Arizona saw 2 percent job growth through the 12 months ending in October 2013. The state has regained 46 percent of the jobs it lost in the recession, but it still has 170,000 more jobs to go. That doesn’t compare well to the nation as a whole, which has already regained 83 percent of its lost jobs. Still, several of the industries gaining in Arizona tend to have higher wages. The state ranks among the top 10 for growth in construction, wholesale trade, finance, information and real estate.

Among the Arizona expectations from McPheters for next year:

• Employment growth could rise from 2.1 percent this year to 2.4 percent in 2014.

• Personal income could go up from 4 percent this year to 5.4 percent next year.

• Population growth may jump from 1.4 percent to 1.5 percent.

• Retail sales will likely fall from 7.6 percent this year to 6.5 percent next year.

McPheters maintains that uncertainty continues to inhibit consumer spending, and Arizona tends to follow the U.S. economic cycle, which remains sluggish.

Professor Lee Ohanian, associate director of ASU’s Center for the Advanced Study in Economic Efficiency and an adviser to the Federal Reserve Bank of Minne­apolis, echoed that message.

“The U.S. economy remains significantly depressed, and many facets are in worse shape now than five years ago,” said Ohanian.

“Employment as a fraction of the adult population and most components of gross domestic product (GDP) are farther below their normal trend levels today than during the financial crisis.

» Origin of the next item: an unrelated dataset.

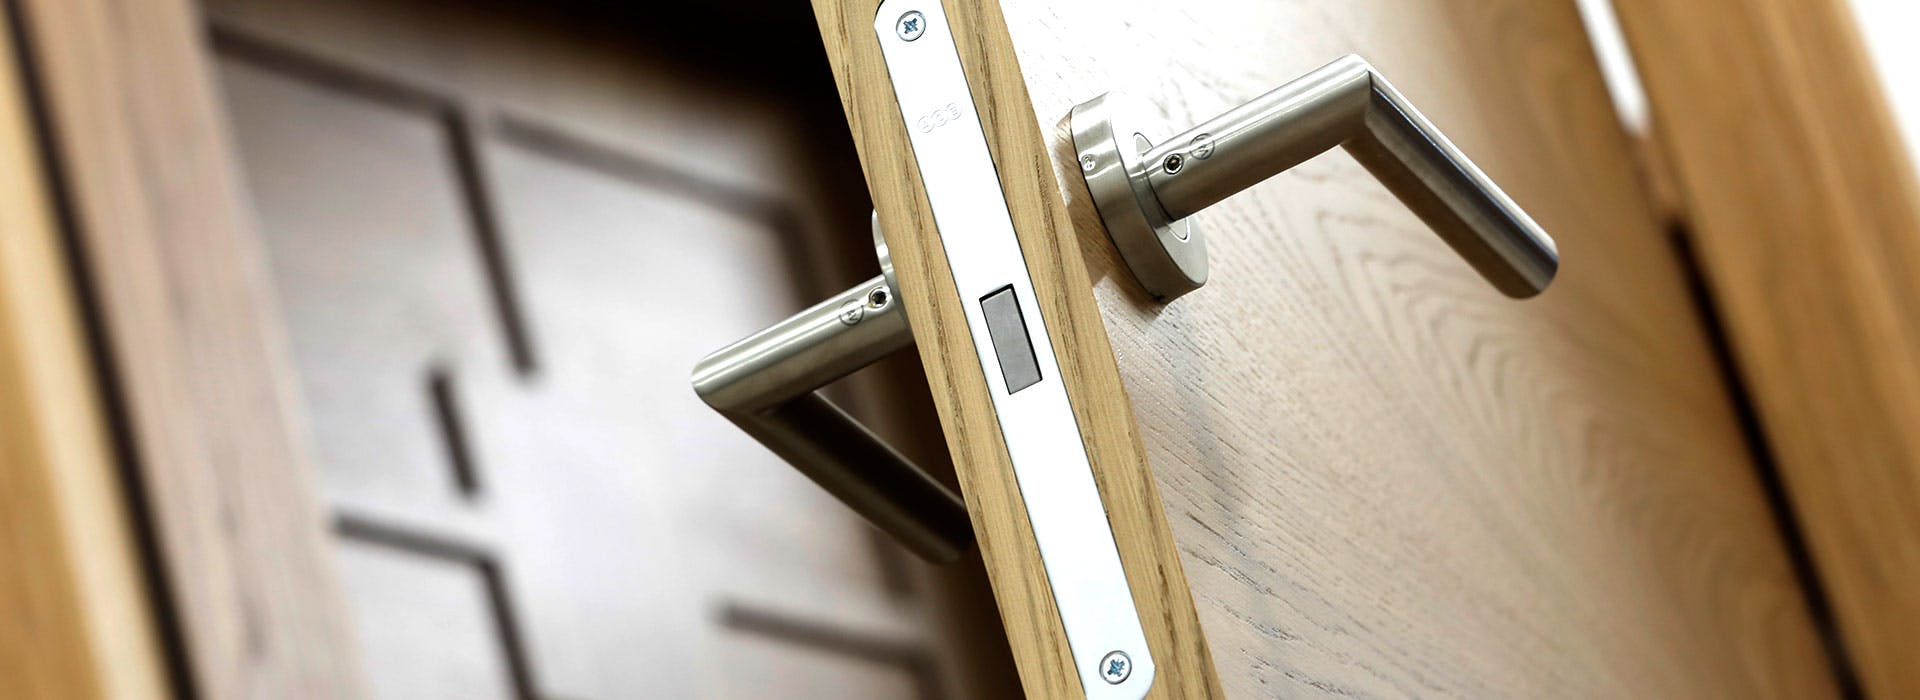 A close up of an internal Deuren door with handle

Severe recessions are typically followed by very rapid recoveries to the economy’s long-term trend, but that isn’t happening this time.”

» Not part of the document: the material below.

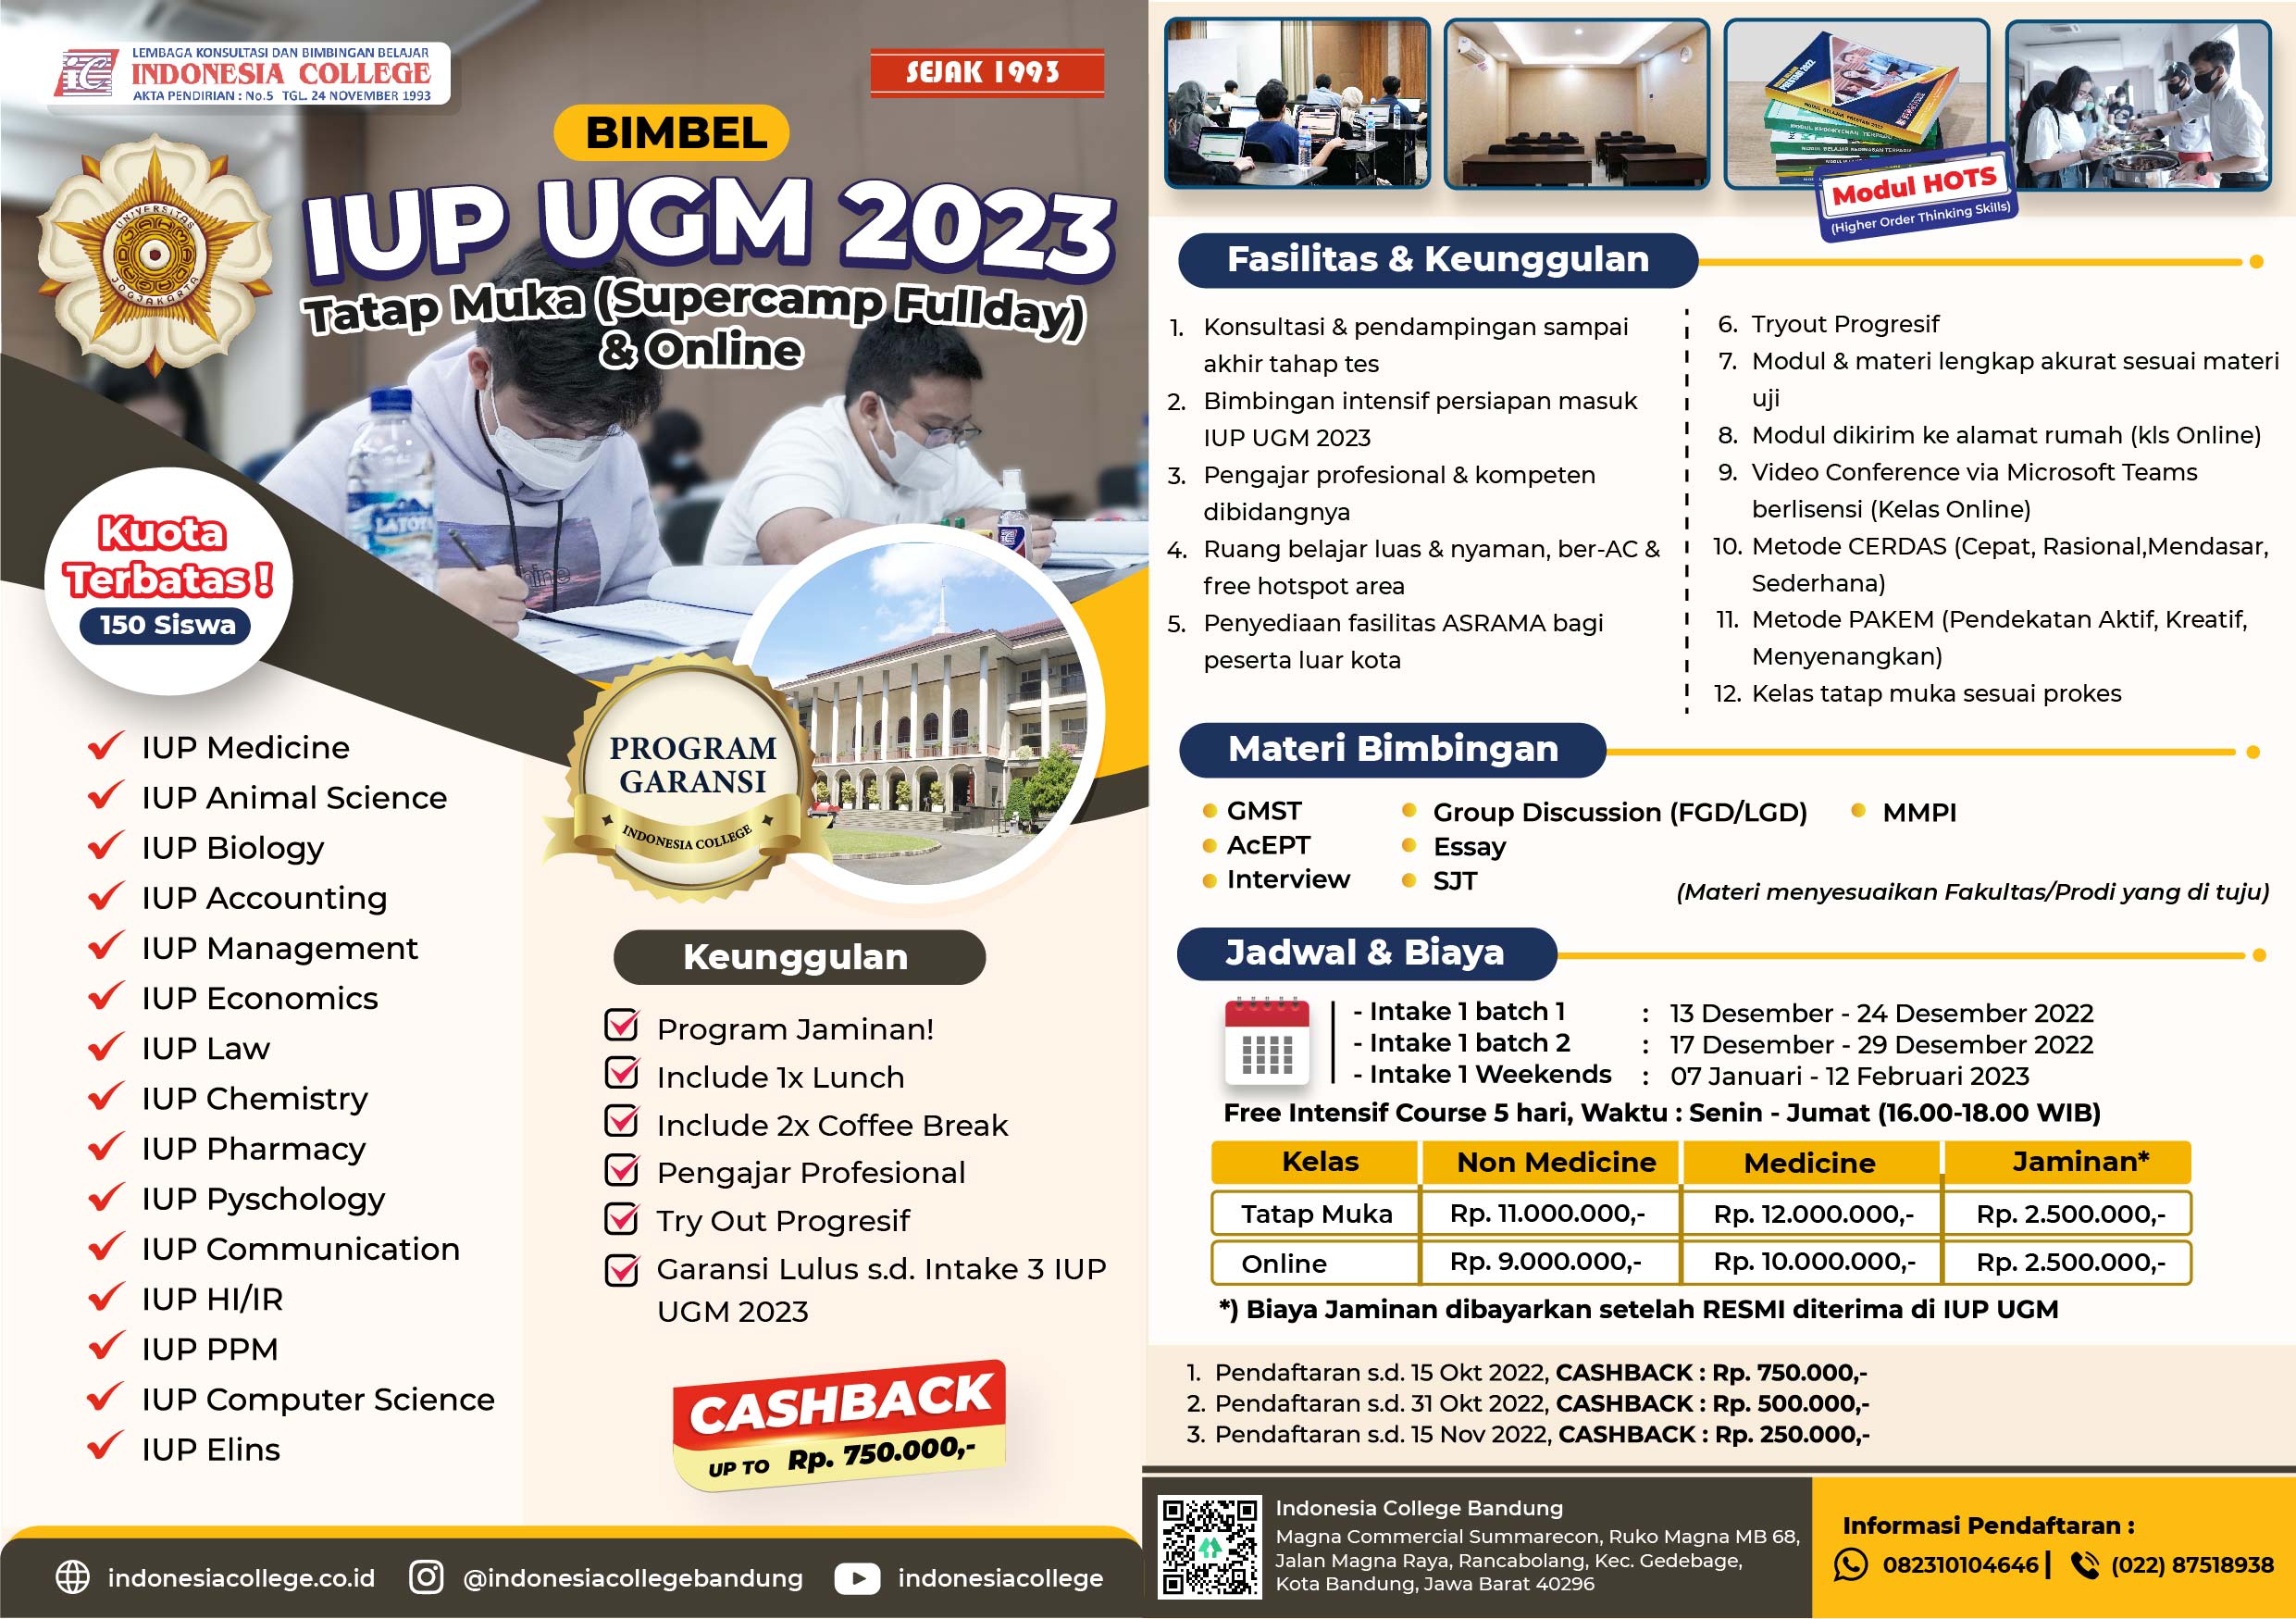 Bimbel IUP UGM 2023

Ohanian says productivity growth is very low and the government has been using mostly short-term stimulus measures, instead of long-term economic policy changes, to combat this. He sees no evidence most of the short-run fiscal policies have increased employment.

“Current economic policy represents a drag on our economy,” said Ohanian. “I anticipate the 2014 U.S. economic growth will be similar to the last few years, with slow job growth and slow productivity growth that will expand real GDP per capita around 2 percent or perhaps a bit higher, and total real GDP around 3 percent.”